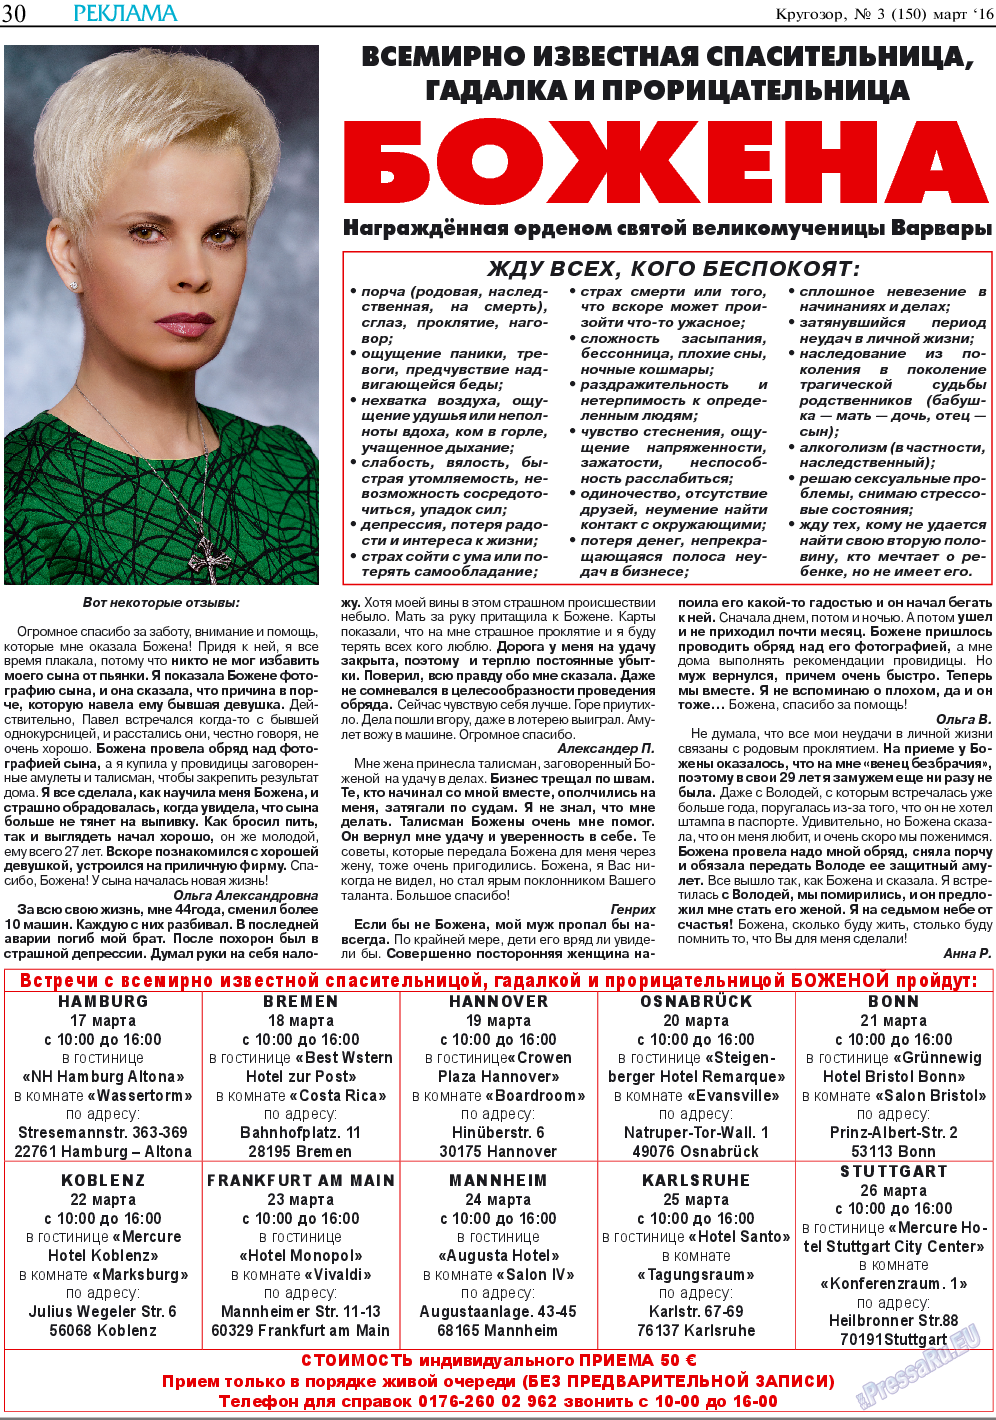 Кругозор, газета. 2016 №3 стр.30
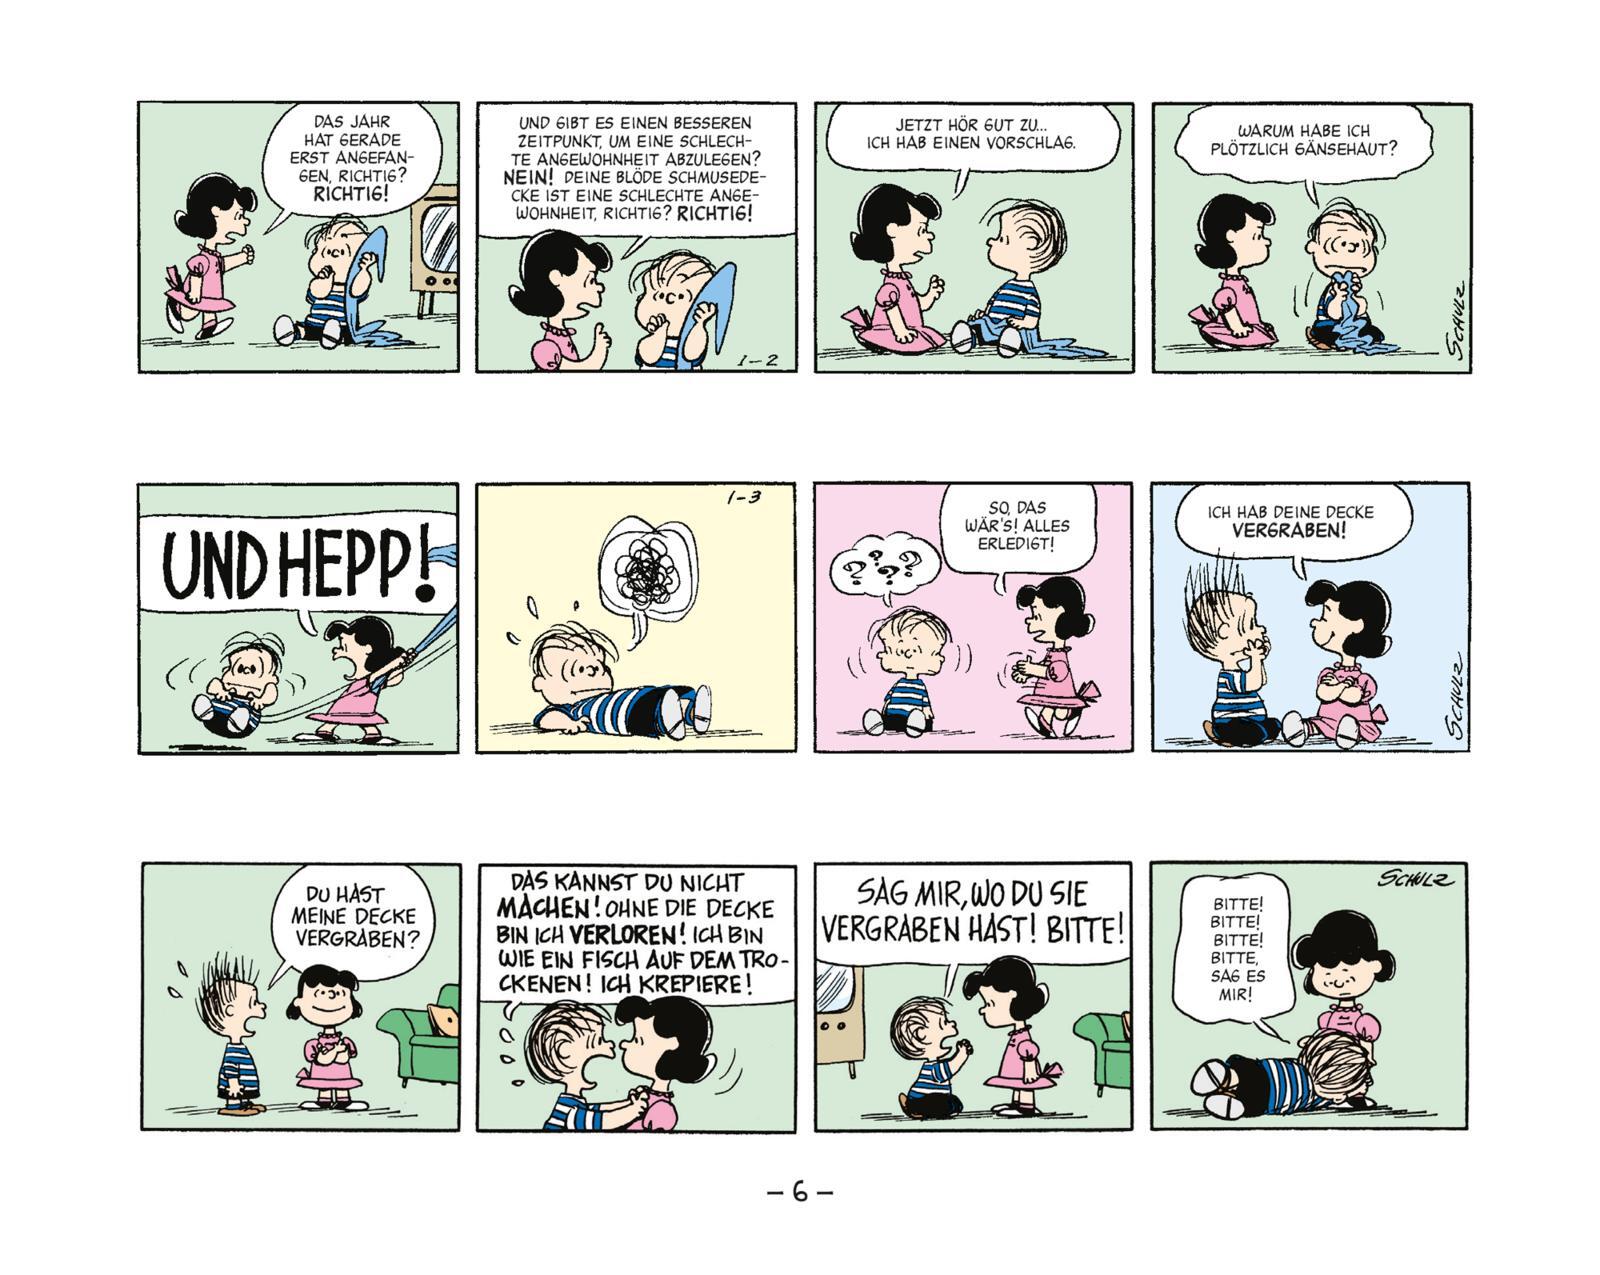 Peanuts Geschenkbuch: Happy Birthday zum 60. Geburtstag Buch
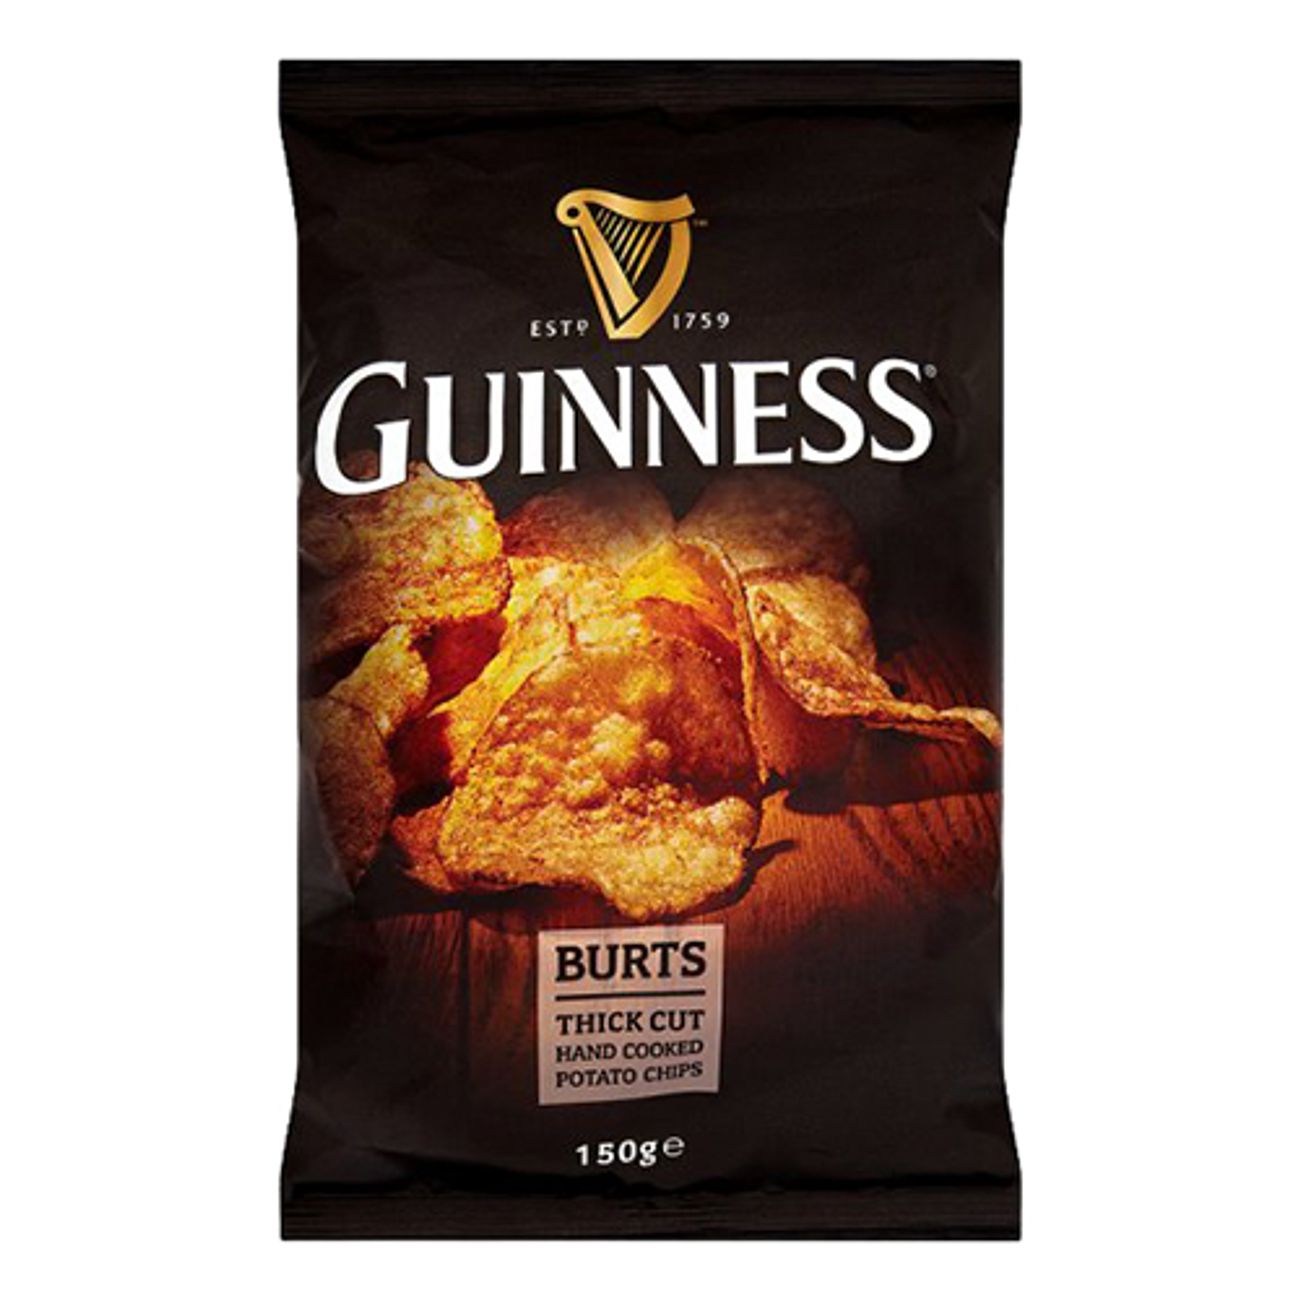 guinness-burts-potato-chips-1

========================================

Everything in the data except the pictures needs to be written out exactly.

 Кругозор, газета. 2016 №3 стр.30
 Peanuts Geschenkbuch: Happy Birthday zum 60. Geburtstag Buch
 guinness-burts-potato-chips-1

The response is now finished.